Exercise aim: Take the line that contains "Indien um 1920" and each line after it to the end of the data below, and set them down exactly, omitting pictures.

(Listed records Opens)

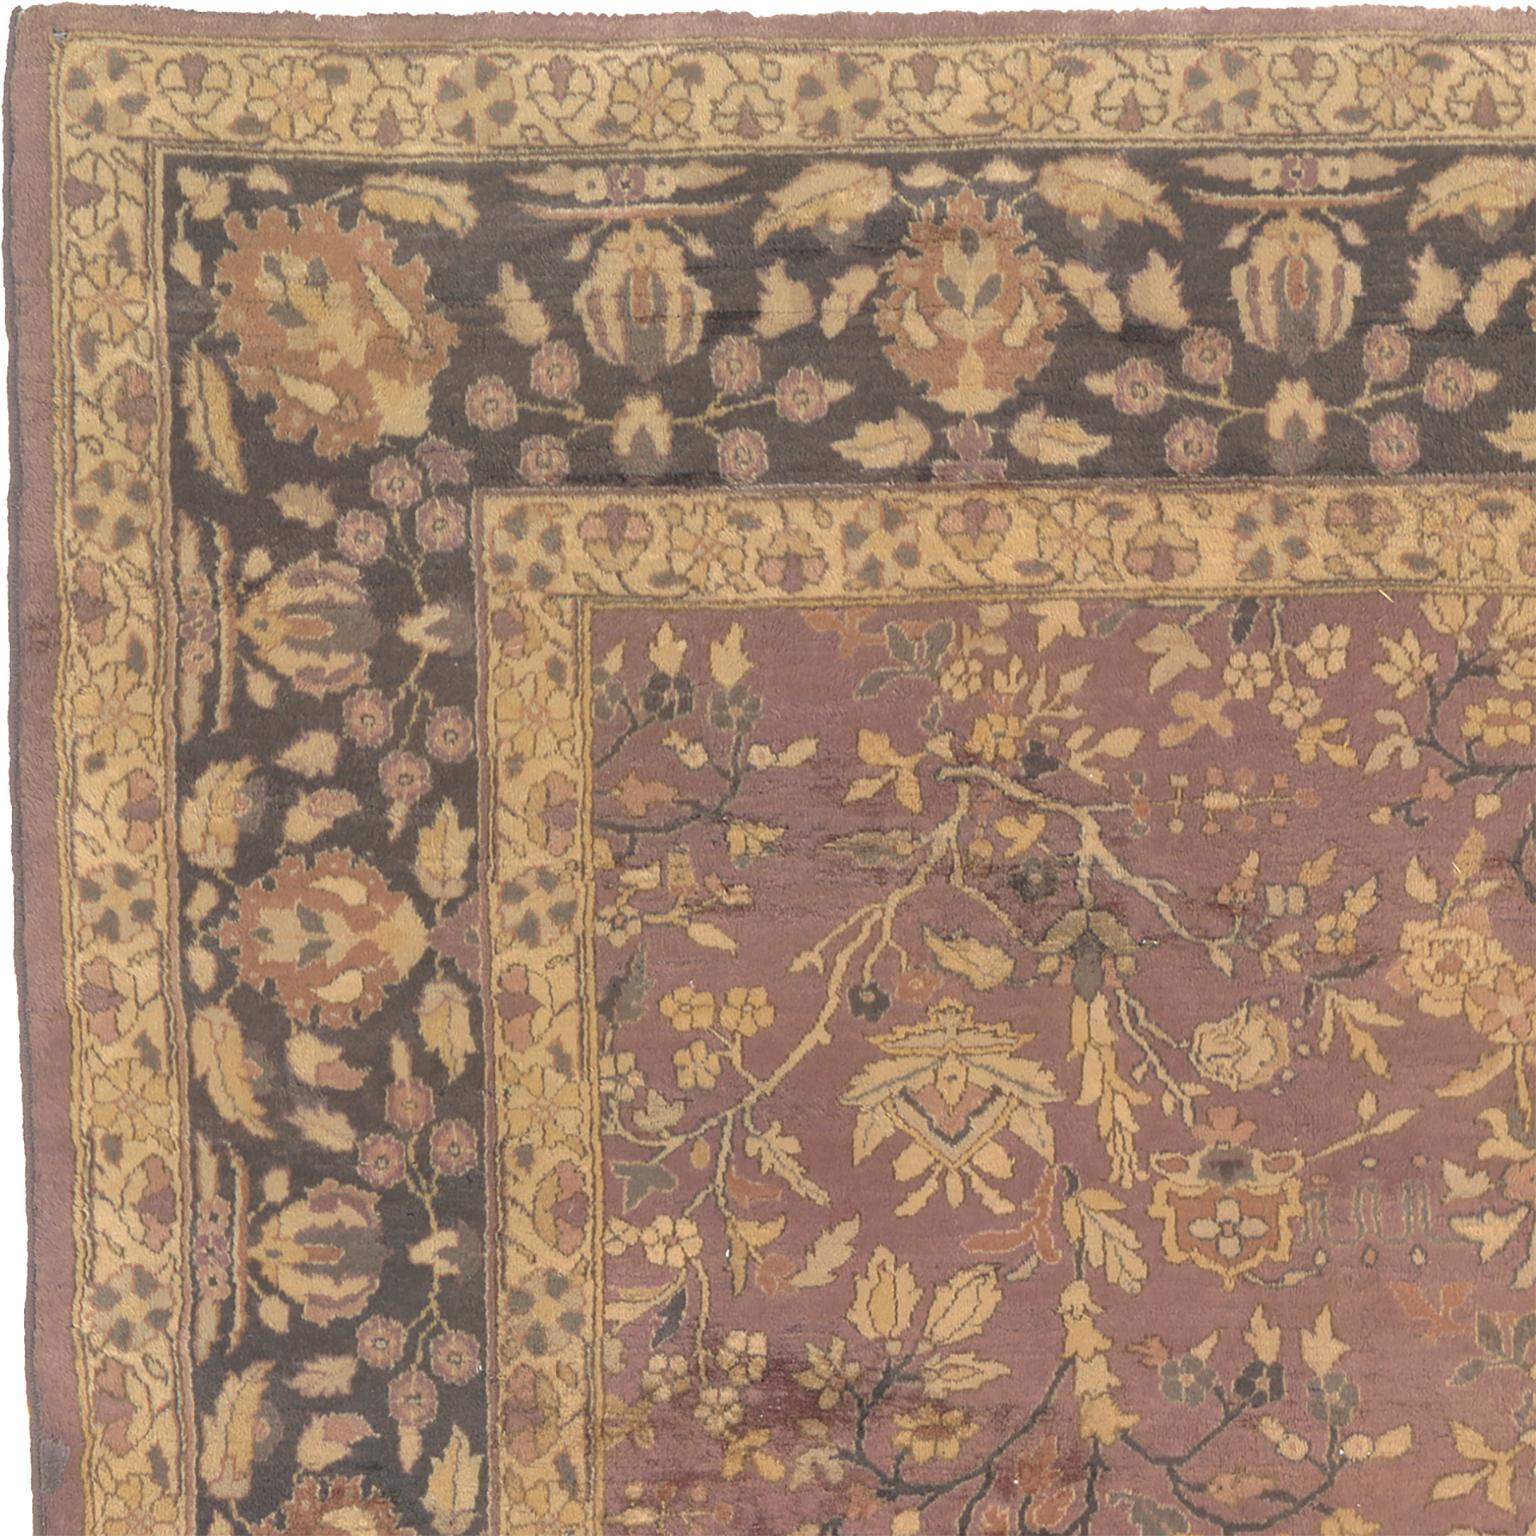 Antiker Indo-Persischer Teppich
Indien um 1920
Geometrisches Design
11'9
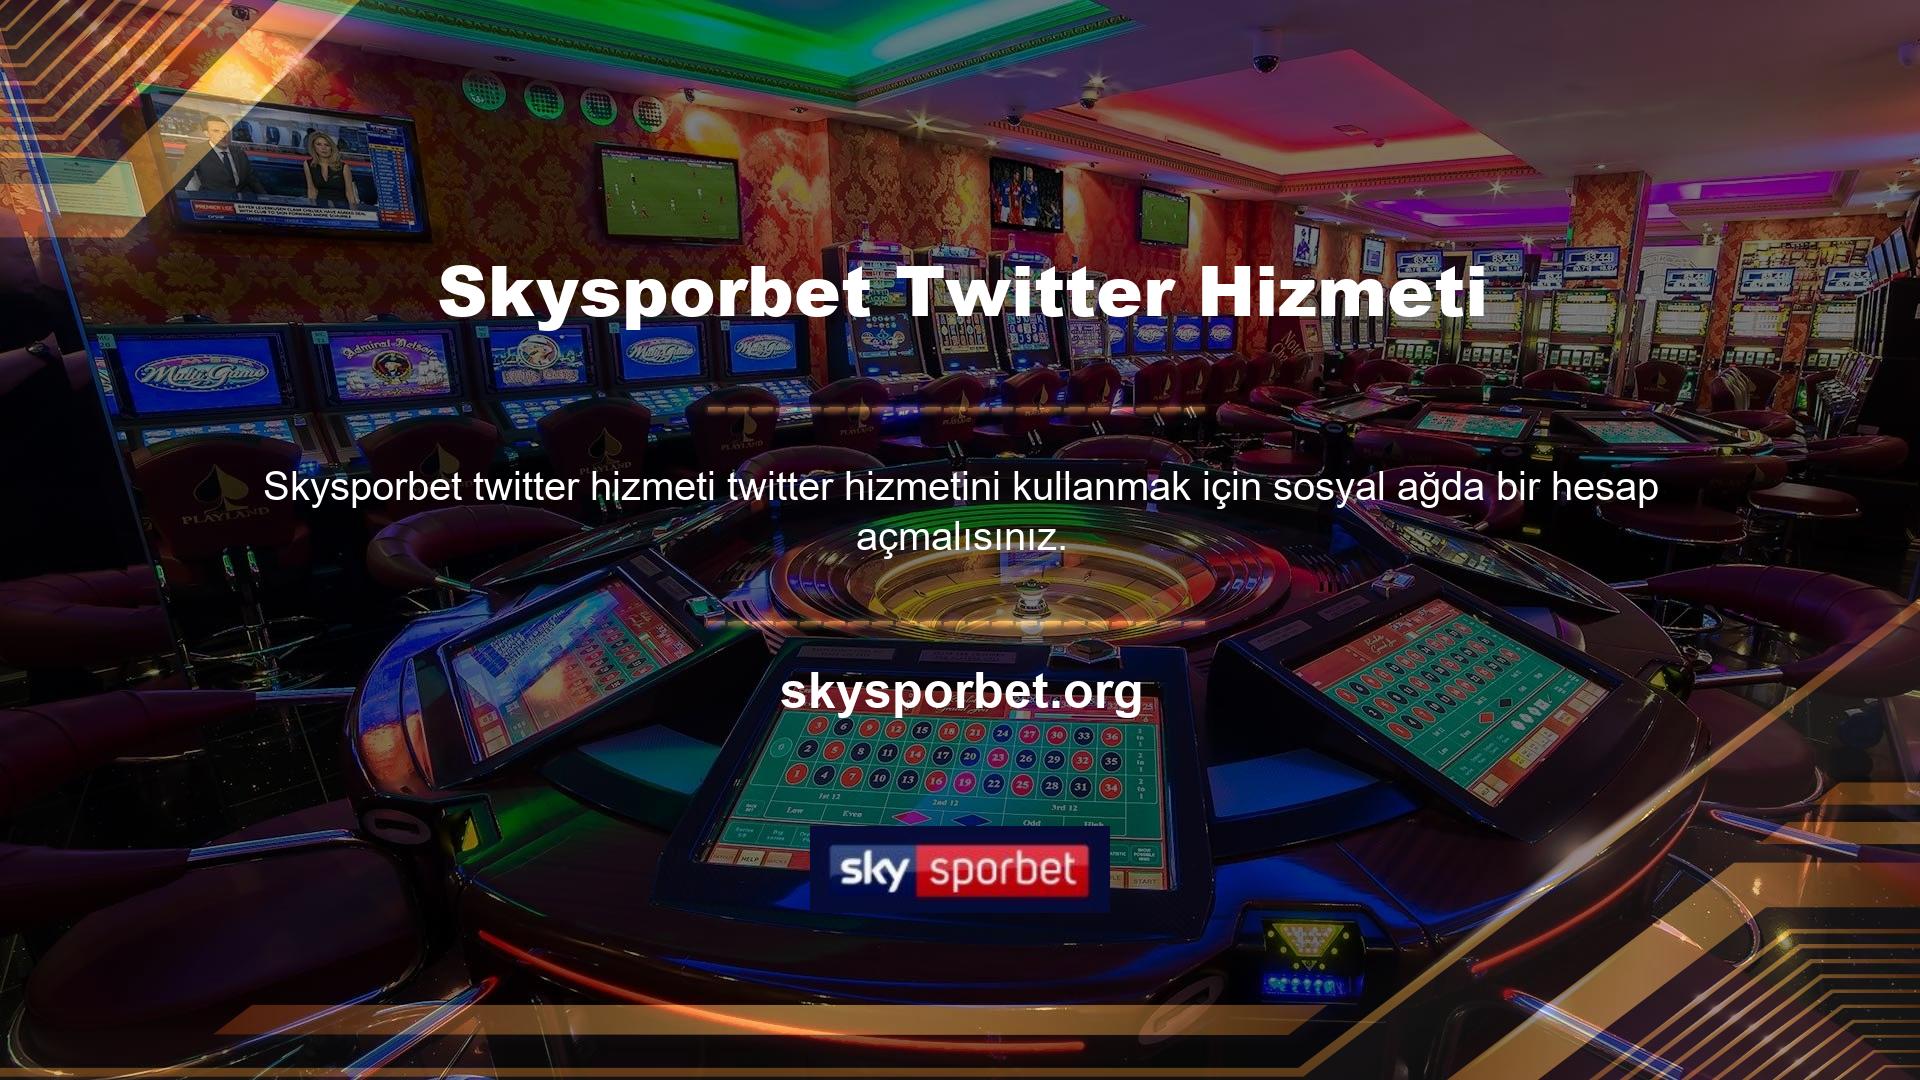 Skysporbet Twitter servisinde bahis oranları, çeşitli sporlar ve canlı bahisler sosyal medya hesaplarımız üzerinden yayınlanmaktadır
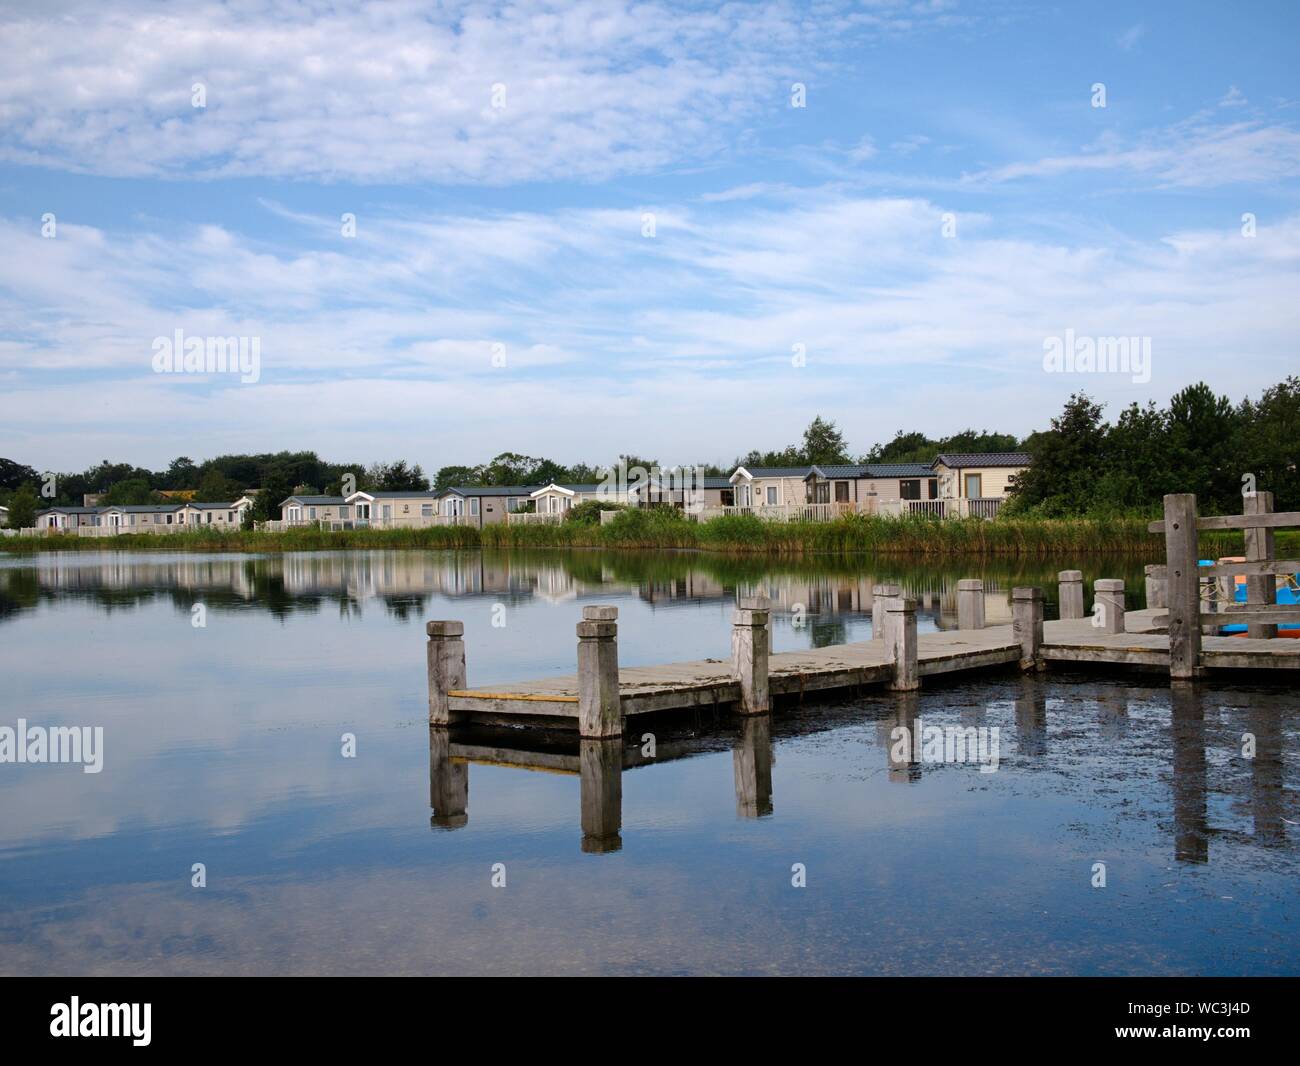 Pontile in legno sul lago con canne lungo la riva e vacanze roulotte e ombre Foto Stock
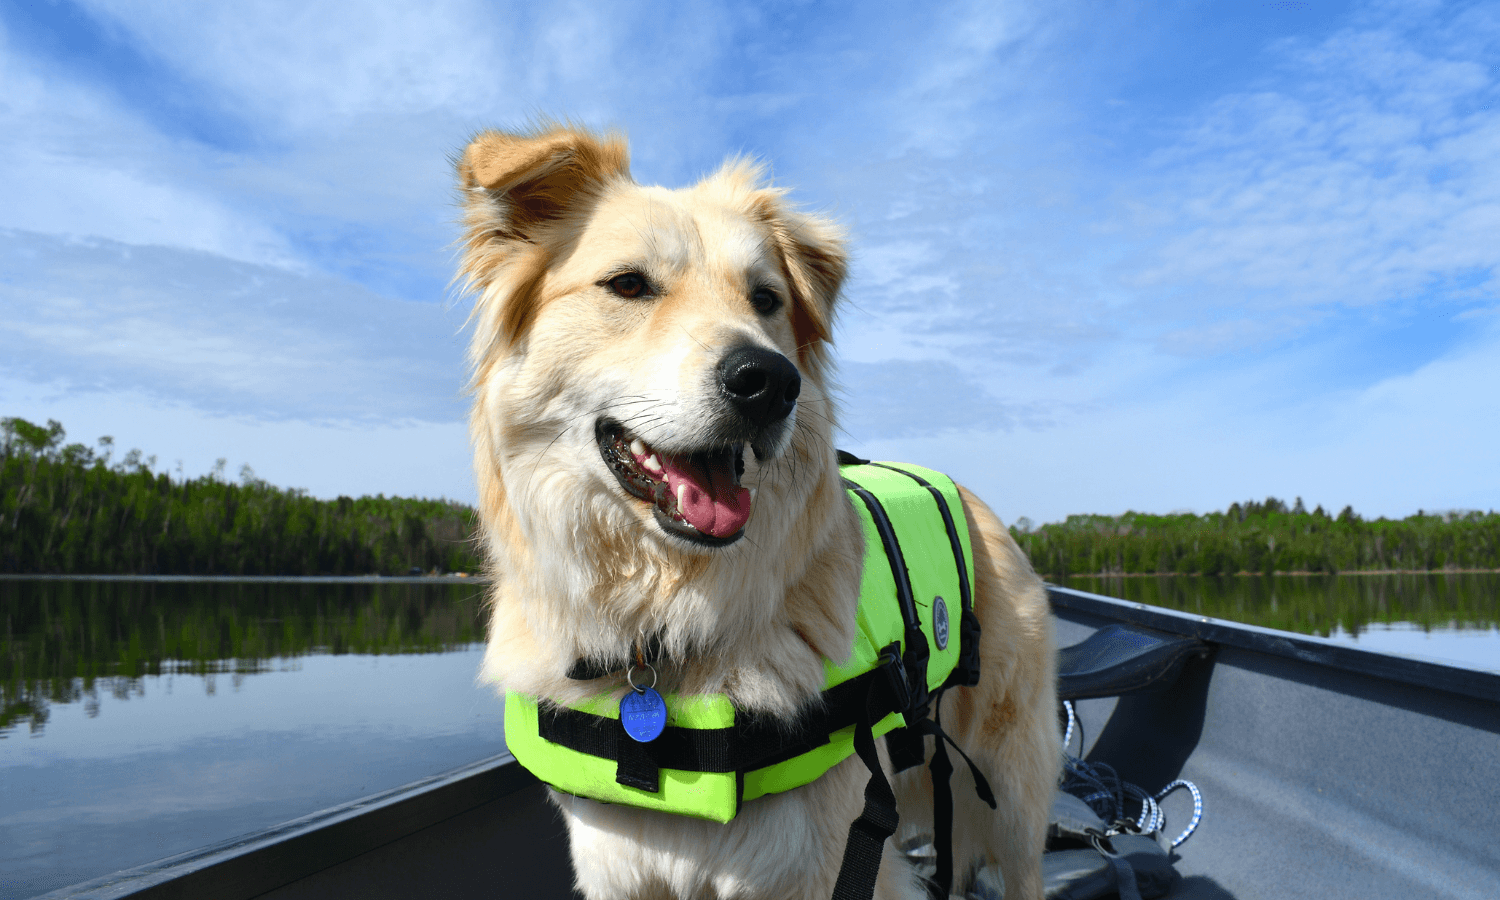 Hunde können im Boot oder Kanu mitfahren, wenn ihnen Wasser nichts ausmacht. Der Hund auf dem Bild trägt zur Sicherheit eine Schwimmweste. © Unsplash.com

(Listed records Closes)

Exercise solution:
Indien um 1920
Geometrisches Design
11'9
 Skysporbet Twitter servisinde bahis oranları, çeşitli sporlar ve canlı bahisler sosyal medya hesaplarımız üzerinden yayınlanmaktadır
 Pontile in legno sul lago con canne lungo la riva e vacanze roulotte e ombre Foto Stock
 Hunde können im Boot oder Kanu mitfahren, wenn ihnen Wasser nichts ausmacht. Der Hund auf dem Bild trägt zur Sicherheit eine Schwimmweste. © Unsplash.com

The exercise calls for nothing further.